### EXERCISE DIRECTIONS
Return the data below unchanged. Drop any pictures.

---------- INFORMATION PROVIDED ----------

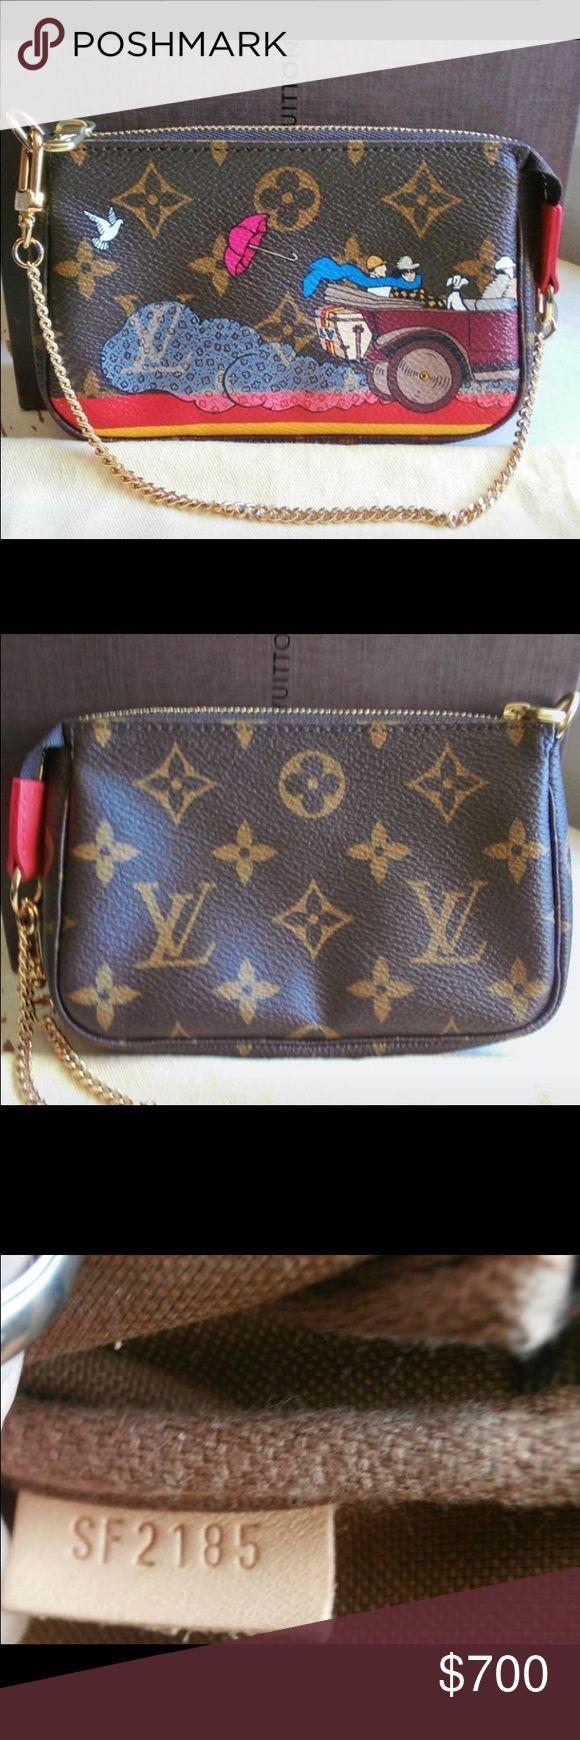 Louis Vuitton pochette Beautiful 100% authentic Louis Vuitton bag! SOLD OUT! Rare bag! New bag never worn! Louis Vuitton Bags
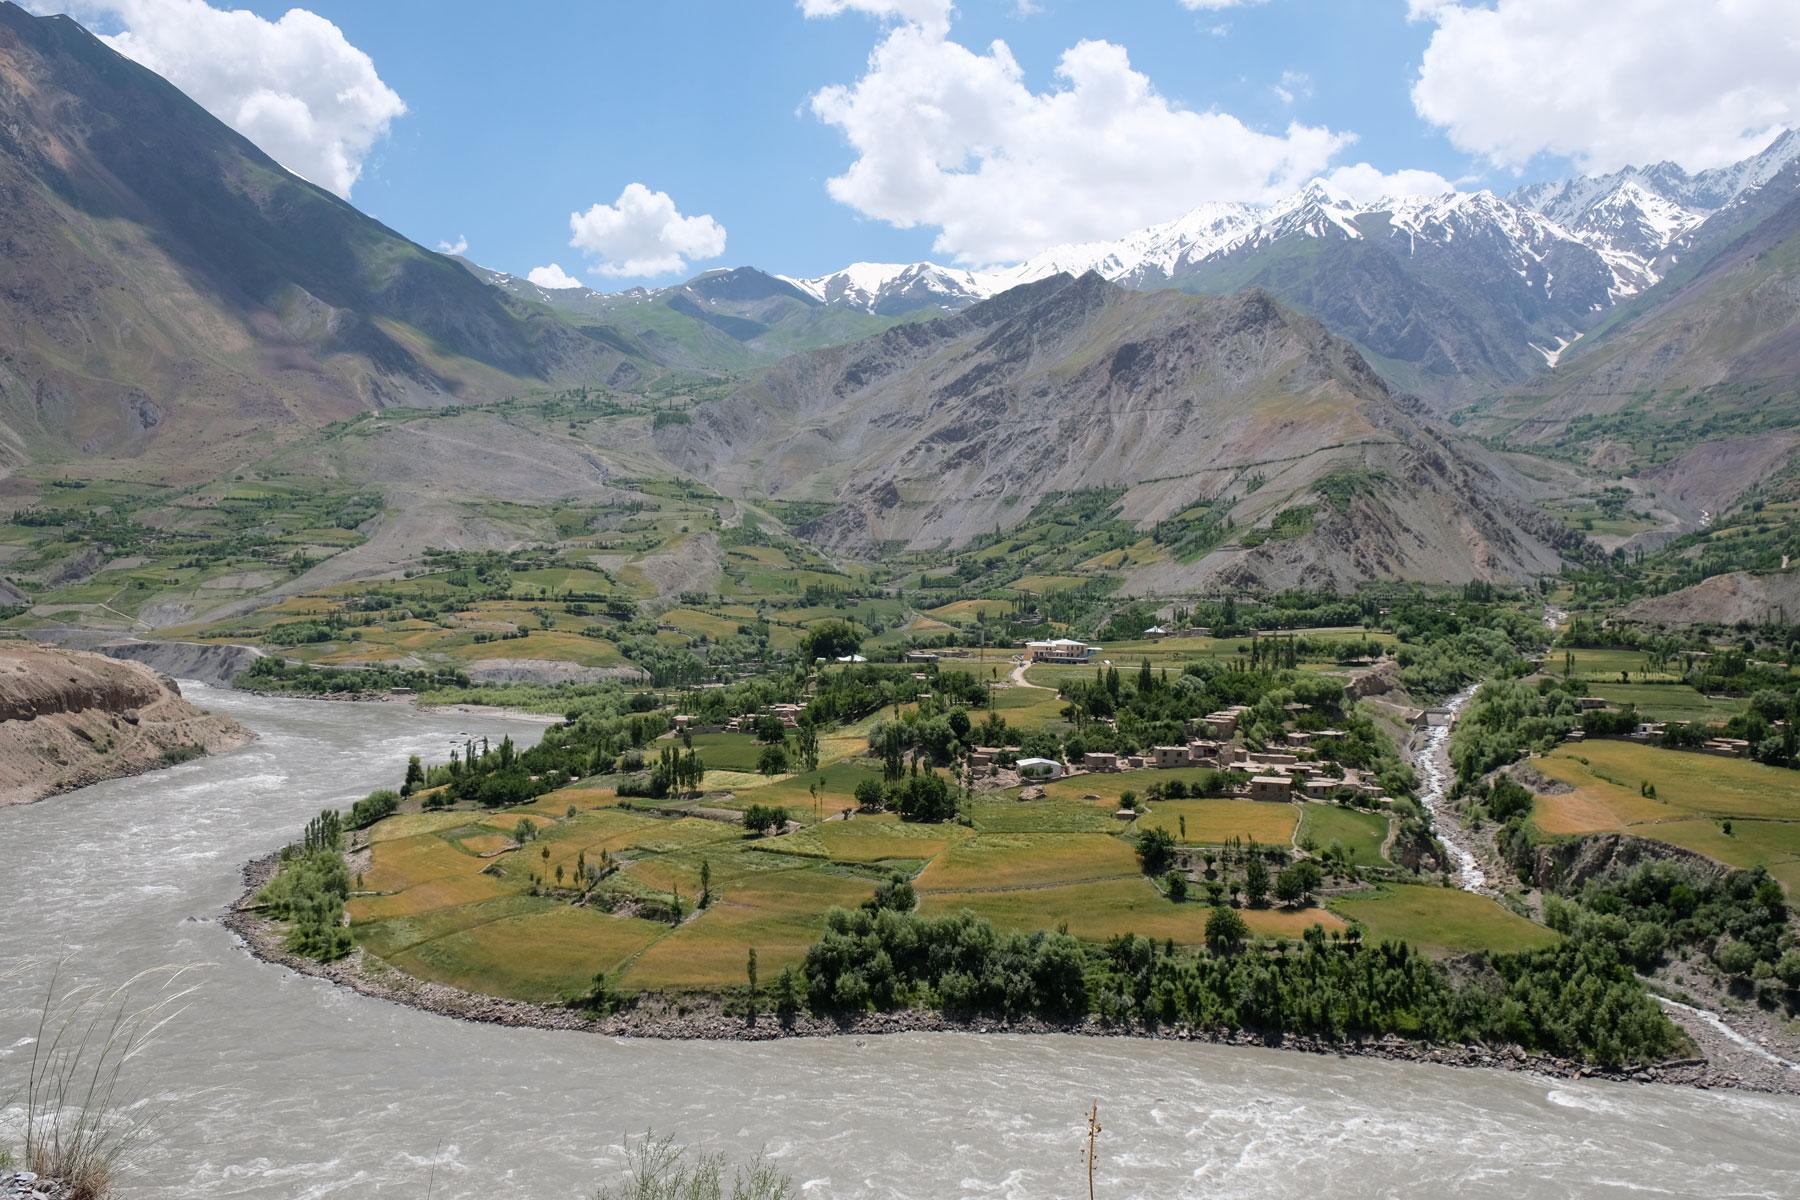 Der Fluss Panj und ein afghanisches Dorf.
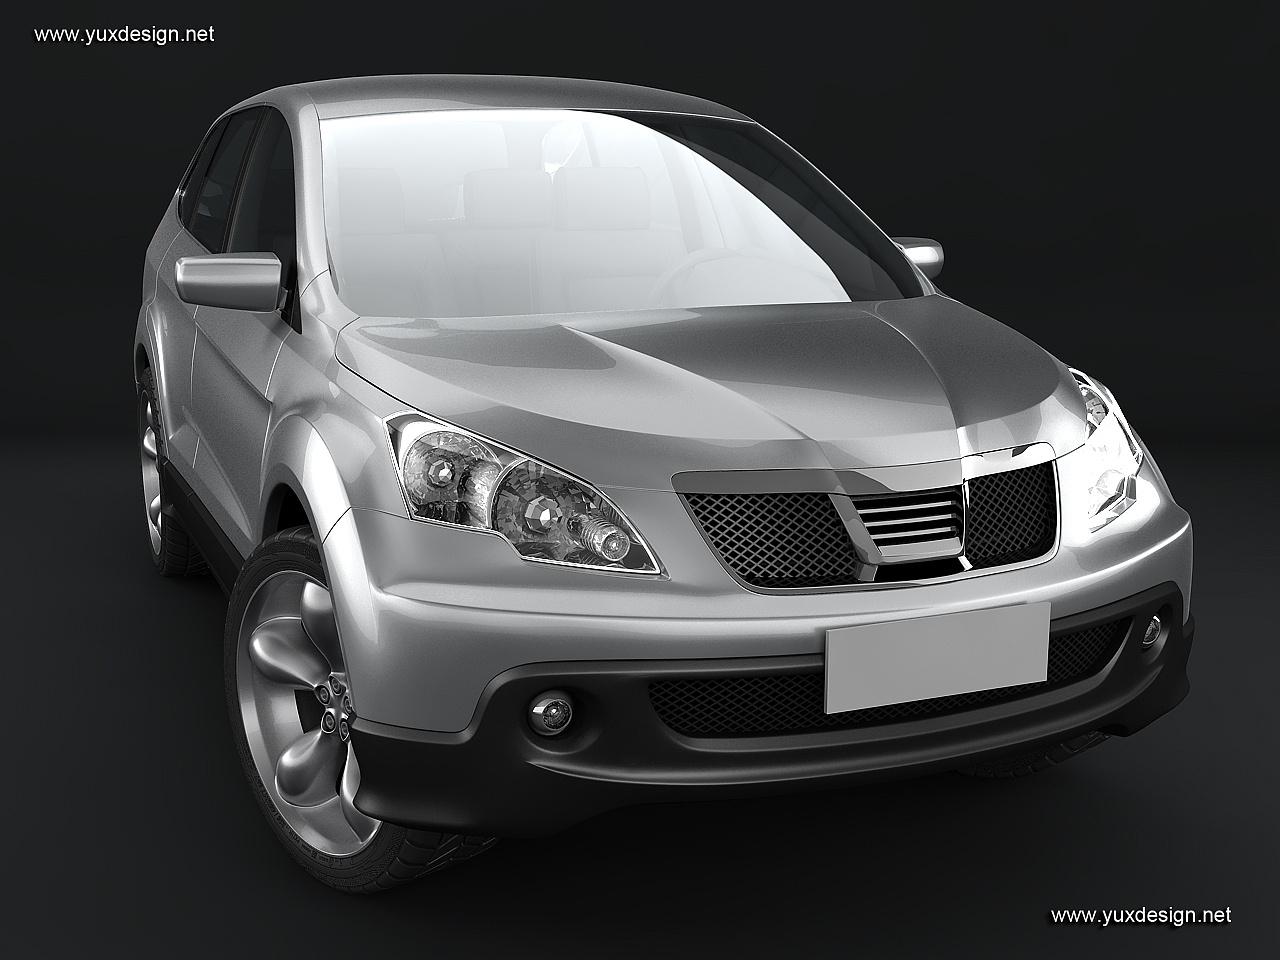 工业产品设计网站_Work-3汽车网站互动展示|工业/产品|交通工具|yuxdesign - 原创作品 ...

----------

### FINISHED TASK
 Louis Vuitton pochette Beautiful 100% authentic Louis Vuitton bag! SOLD OUT! Rare bag! New bag never worn! Louis Vuitton Bags
 Der Fluss Panj und ein afghanisches Dorf.
 工业产品设计网站_Work-3汽车网站互动展示|工业/产品|交通工具|yuxdesign - 原创作品 ...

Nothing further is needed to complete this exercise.